Inputs values: [Generator(PCG64) at 0x272252051C0, array([72], dtype=int64), array(4, dtype=int64), array(13.6946887), ‘not shown’] Outputs clients: [[‘output’], [‘output’]] HINT: Re-running with most PyTensor optimizations disabled could provide a back-trace showing when this node was created. This can be done by setting the PyTensor flag ‘optimizer=fast_compile’. If that does not work, PyTensor optimizations can be disabled with ‘optimizer=None’. HINT: Use the PyTensor flag exception_verbosity=high for a debug print-out and storage map footprint of this Apply node.

I also try doing:

with linear:
pm.set_data(new_data={‘X’: np.array([1.0])})
ppc_oos = pm.sample_posterior_predictive(idata_linear)

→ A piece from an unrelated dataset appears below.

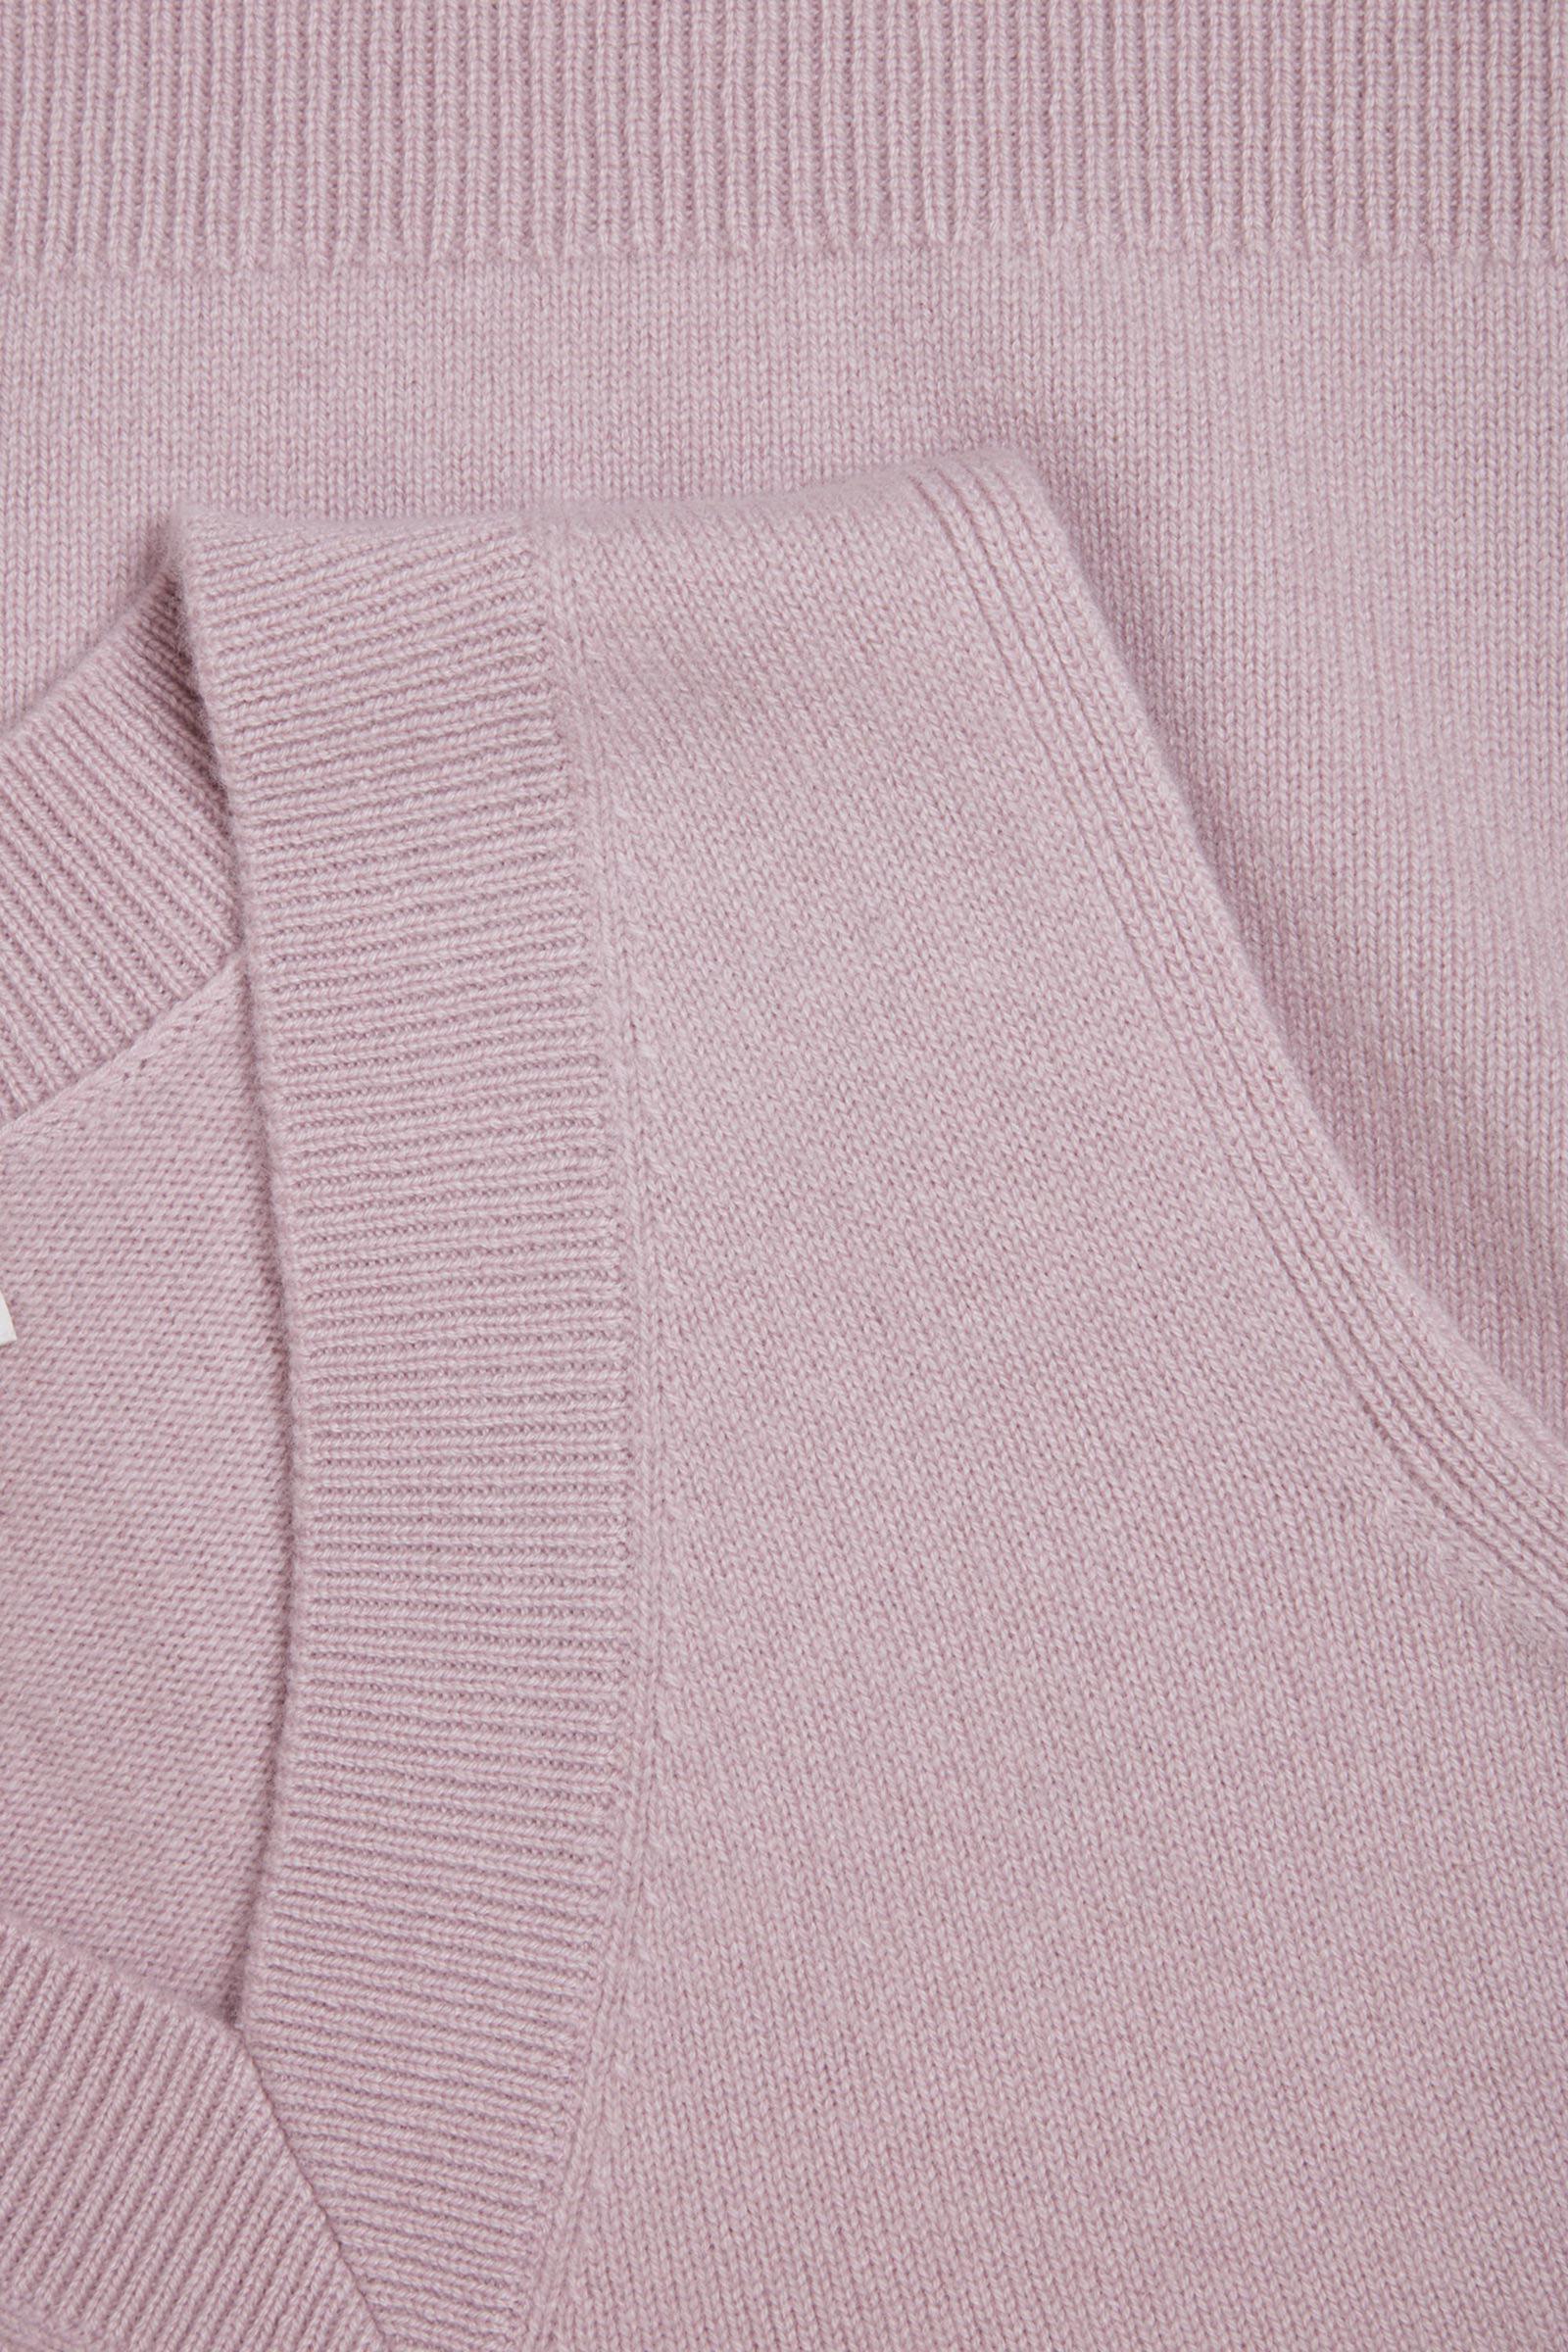 COS V넥 캐시미어 베스트의 핑크컬러 Detail입니다.

This runs but returns predictions with the same length as the training data. So I don’t think the model is using the new data.

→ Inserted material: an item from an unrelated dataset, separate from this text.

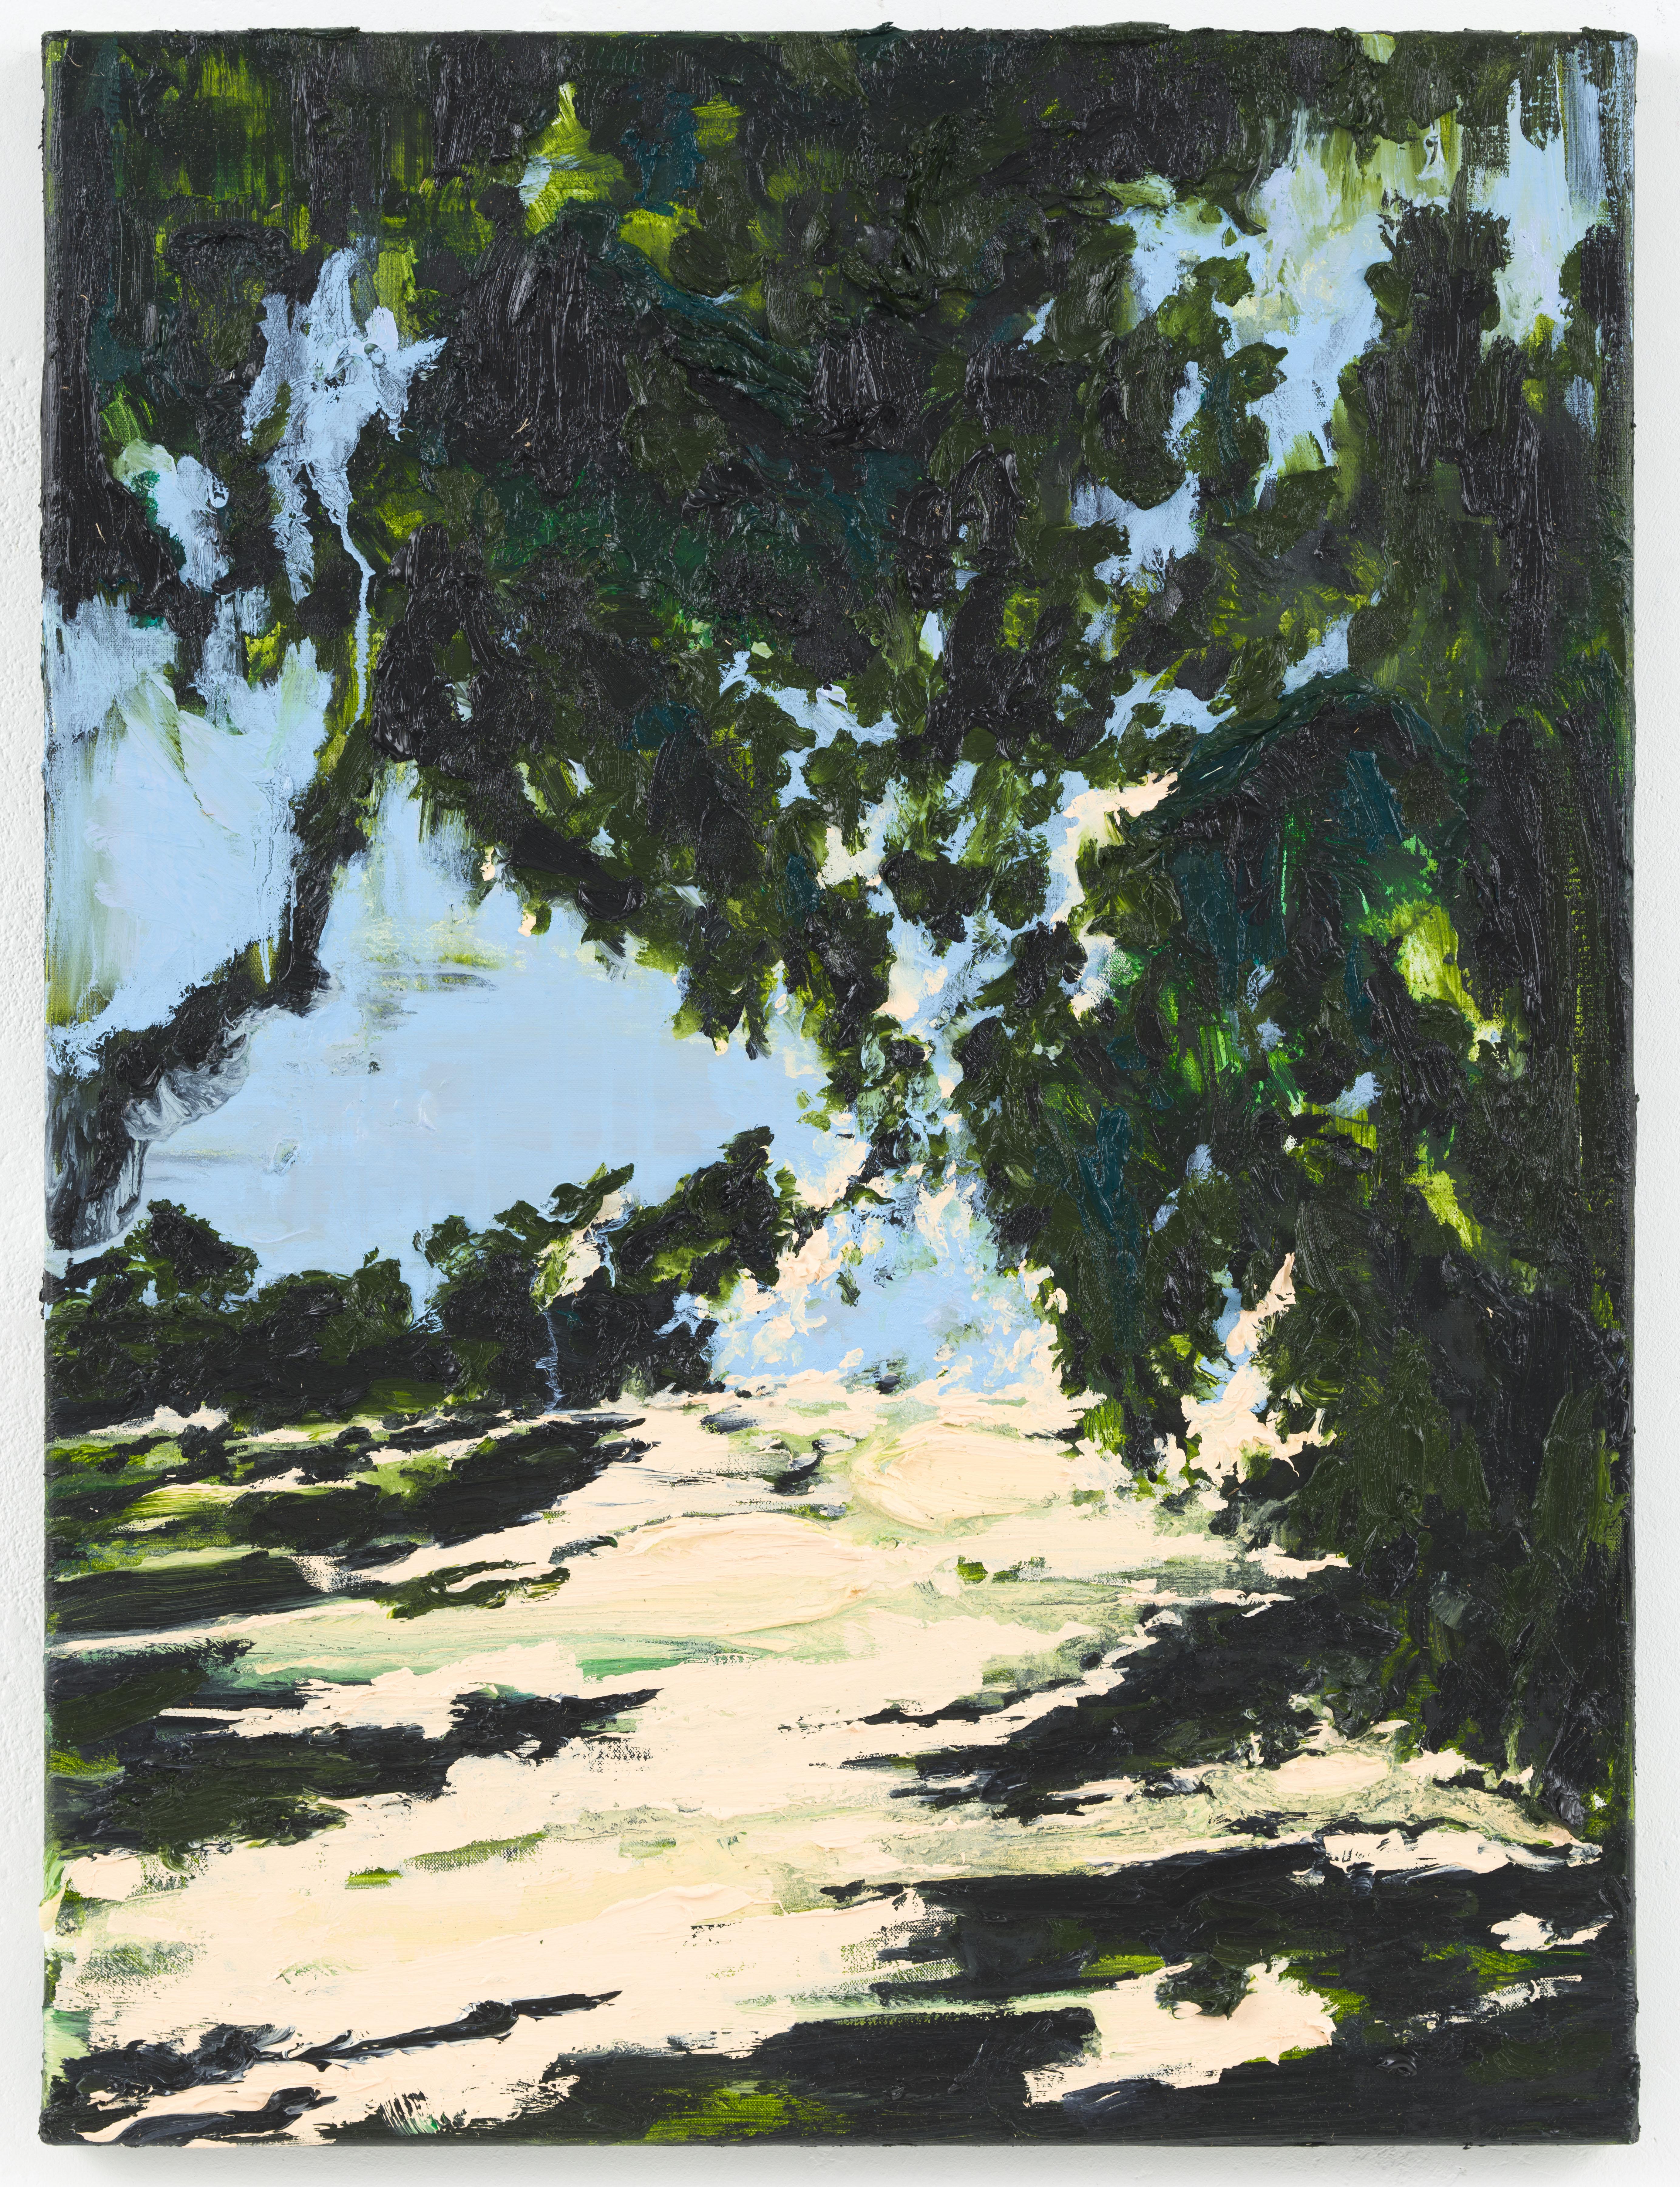 """Vagando"" 80 x 60 cm.oil on linen 2012"

Any advice would be appreciated. Also how do you put tabs in the code blocks?

EDIT:
Actually, it looks like when I run it with only 1 sample it is broadcasting the value to the original training data size. This must be an issue with the shape/dims.

EDIT2:
I changed my model to include the dimensions, but I am still getting the same error.
Here is what I changed:

with pm.Model() as linear:
linear.add_coord(name=‘dims’, values=np.arange(0, len(conversions_sq_scaled)), mutable=True)
X = pm.MutableData(“X”, conversions_sq_scaled)
alpha = pm.Exponential(“alpha”, 1/10)
b0 = pm.HalfNormal(‘intercept’, sigma=4)
b1 = pm.HalfNormal(‘beta’, sigma=2)
mu = pm.Deterministic(‘mu’, var=pm.math.exp(b0 + b1*X))
l = pm.NegativeBinomial(“l”, mu=mu, alpha=alpha, observed=admits, dims = ‘dims’)

with linear:
pm.set_data(new_data={‘X’: new_conversions_sq_scaled}, coords={‘dims’: np.arange(0, len(new_conversions_sq_scaled))})
ppc_oos = pm.sample_posterior_predictive(idata_linear)

EDIT3:
Okay, I was able to get it to work.
here is what I needed to change:

with pm.Model() as linear:
X = pm.MutableData(“X”, conversions_sq_scaled)
alpha = pm.Exponential(“alpha”, 1/10)
b0 = pm.HalfNormal(‘intercept’, sigma=4)
b1 = pm.HalfNormal(‘beta’, sigma=2)
mu = pm.Deterministic(‘mu’, var=pm.math.exp(b0 + b1*X))
l = pm.NegativeBinomial(“l”, mu=mu, alpha=alpha, observed=admits, shape=X.shape)
with linear:
pm.set_data(new_data={‘X’: new_conversions_sq_scaled})
ppc_oos = pm.sample_posterior_predictive(idata_linear)

Can someone explain to me why the shape worked but the dims did not?